To be honest, I expected Kevin McCarthy to arrive late with an entourage like the Pope, give a short canned speech and then leave before the locals had time to ask him if his job was anything like Frank Underwood’s on House of Cards. Boy, was I wrong!
McCarthy arrived with Congressman Rokita when the doors of the banquet hall opened. He mixed and mingled, shook everyone’s hand, answered tough questions with candid responses and then asked his own questions of our Republican faithful. After the pre-dinner reception where he obligingly posed for photos with everyone, he moved into the banquet hall and worked the crowd tirelessly. He absolutely wowed the Lincoln/Reagan Dinner crowd with his friendly demeanor and willingness to rub elbows with them. Kevin McCarthy was no ordinary politico!
McCarthy’s meteoric rise is the story of legend. The son of a staunchly Democratic firefighter, McCarthy was another of those who were brought to the Republican Party by President Ronald Reagan. An entrepreneur at an early age, McCarthy found a way to buy and sell used cars at a profit while still in high school. He cashed in big when he was one of the first winners of the California lottery. McCarthy invested his $5,000 winnings into a sandwich shop and launched a successful business career at age nineteen. It was through the process of running his business that he acquired his interest in government. Nothing quite exposes a person to bureaucracy, taxes, onerous regulations and governmental roadblocks to success like owning your own business. McCarthy learned quickly that, despite what President Obama believes about who is responsible for your success, when you run a business, it is you against the world.
If there was one theme that I believe sums up McCarthy’s political philosophy, it would be an Abraham Lincoln quote the Majority Leader used. Lincoln said, “Property is the fruit of labor. Property is desirable, a positive good in the world. Some shall be rich shows that others may become rich and hence an encouragement to industry and enterprise. Let not him who is homeless pull down the house of another, but let him labor diligently and build one for himself and thus by example assuring that his shall be safe from violence.”
Kevin McCarthy’s advice to President Obama may reveal his own managerial philosophy. McCarthy advised the President to make decisions and expect results. Expect subordinates to succeed, replace them if they don’t and reach beyond the typical to find success. I don’t expect McCarthy, if he ascends to the Speaker’s position, to go down the well-worn path of gridlock and no results. He impressed me as a man of action who is willing to take calculated political risks to achieve a greater good.

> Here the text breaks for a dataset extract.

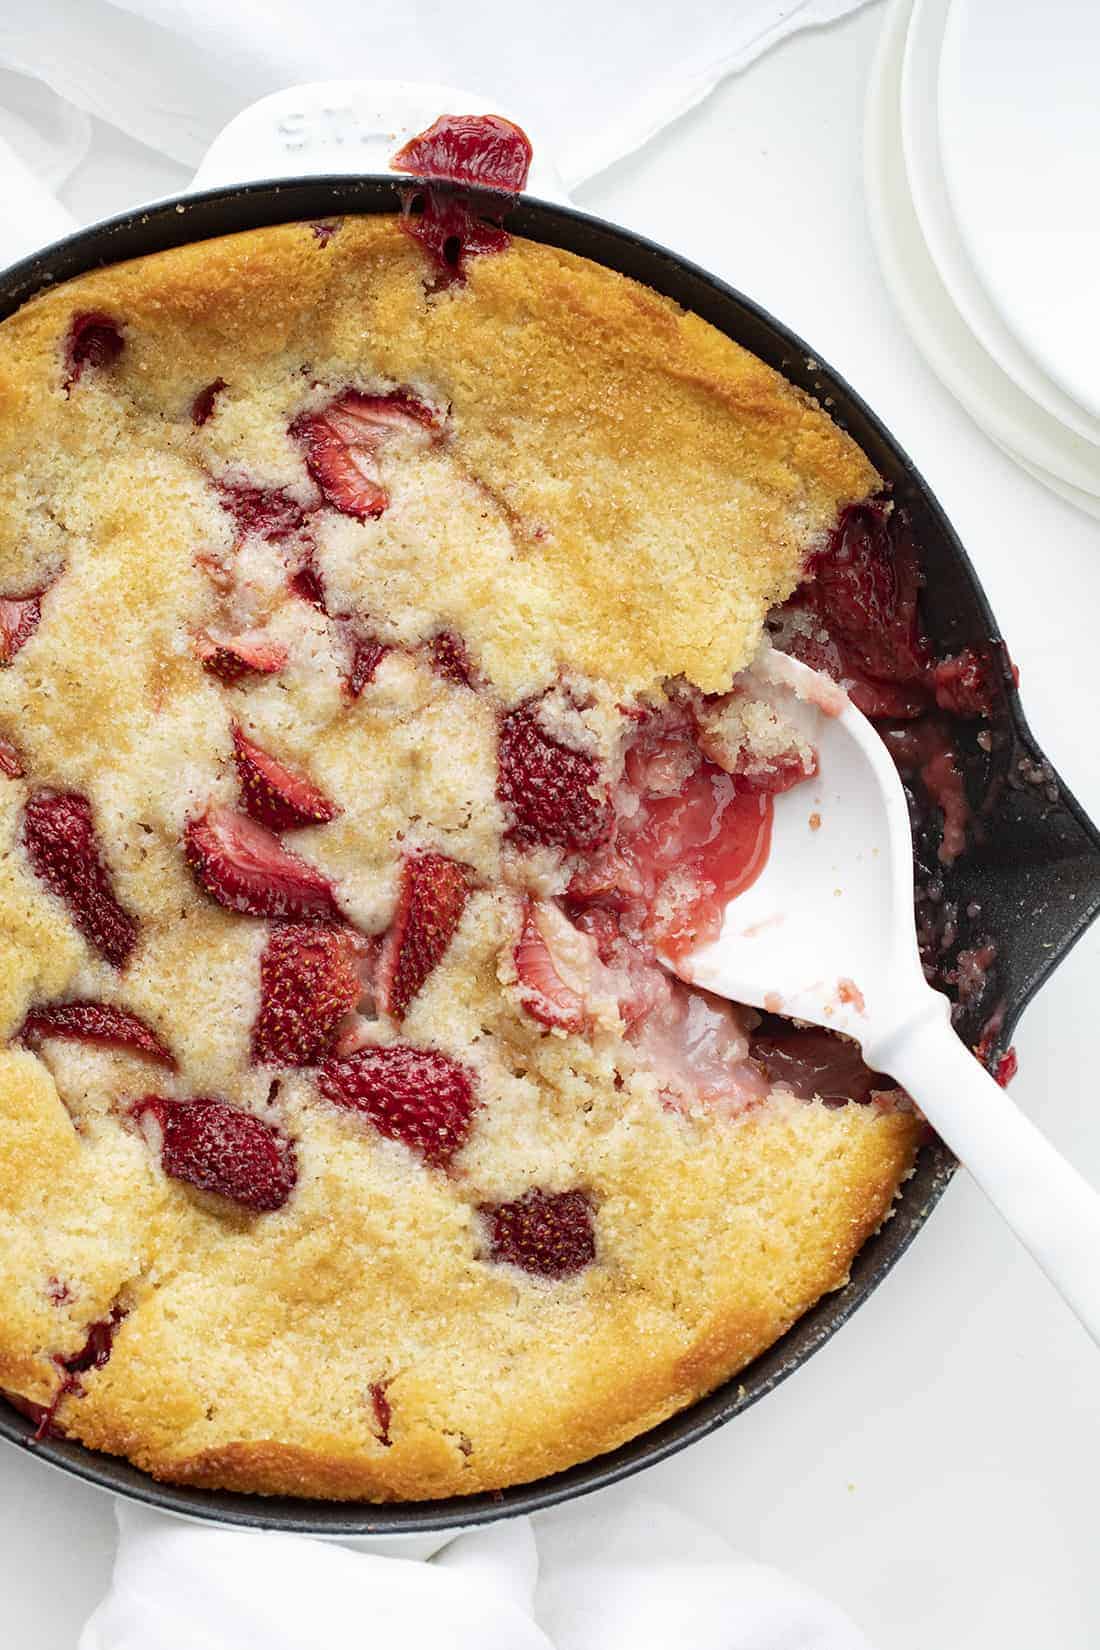 Skillet with Strawberry Cobbler

McCarthy also emphasized that our governmental leadership should be focused on the next generation. He expressed a distinct objective that our children and grandchildren enjoy the same privileges that we have all enjoyed. He also called upon the President to stop the finger pointing, stop the class warfare and stop harping on wedge issues and unite the country. I didn’t get the feeling that McCarthy was merely talking the talk. He struck me as a man who has a servant’s heart and will act in the best interests of his country. He also strikes me as a man who knows that to make an omelet, you need to break a few eggs.

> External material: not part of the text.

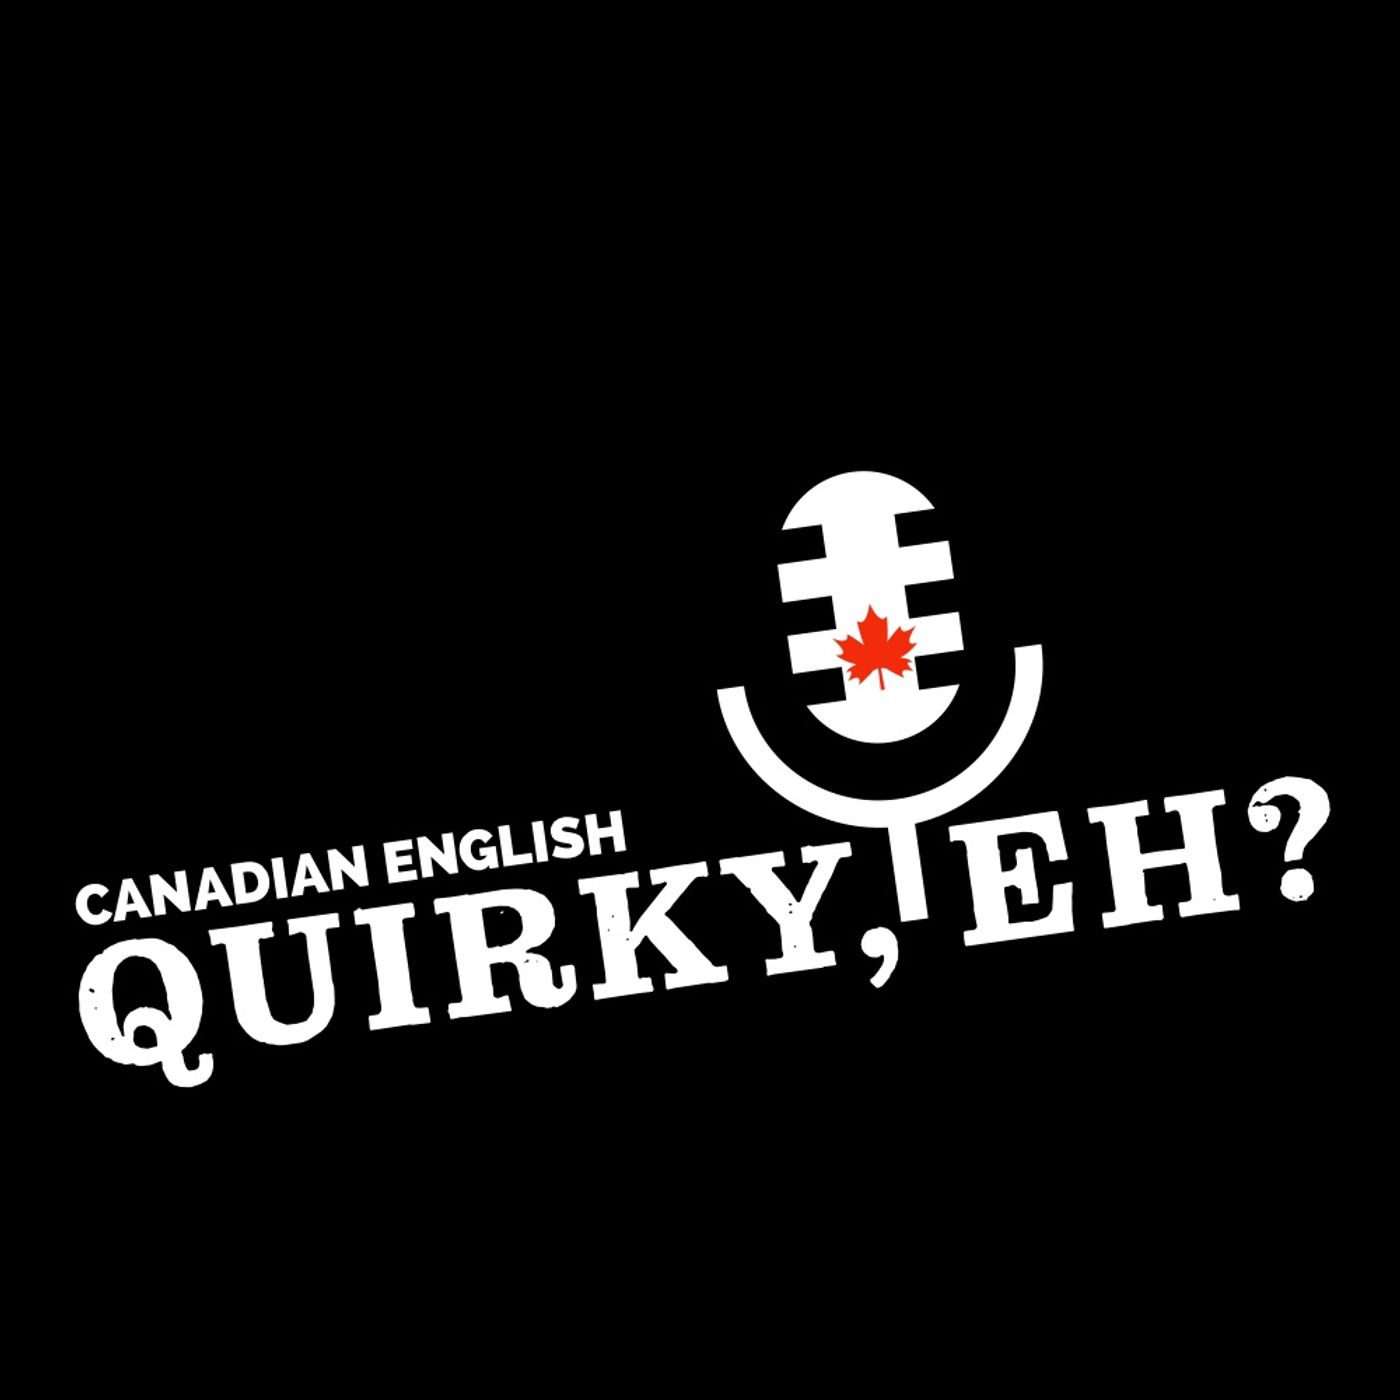 Overview - Get familiar with Canadian English

The United States Congress is full of people who have made their careers by playing to narrow interests who refuse compromise and put their own interests ahead of the country. P. J. O’Rourke calls it the “Parliament of Whores.” Kevin McCarthy will need to deal with a caucus where some are flexing their muscles and crowing over their destruction of Speaker John Boehner while at the same time needing to coordinate strategy with a Senate that offers the same challenges faced by Boehner. Getting his own house in order will be his first business before he can hope to forge a productive relationship with the Democrats in the House, let alone a lame duck President.
I wouldn’t bet against Kevin McCarthy. If past is prologue, he will find success in the Speaker’s chair. I know that he will have 300-400 friends in Howard County rooting for him!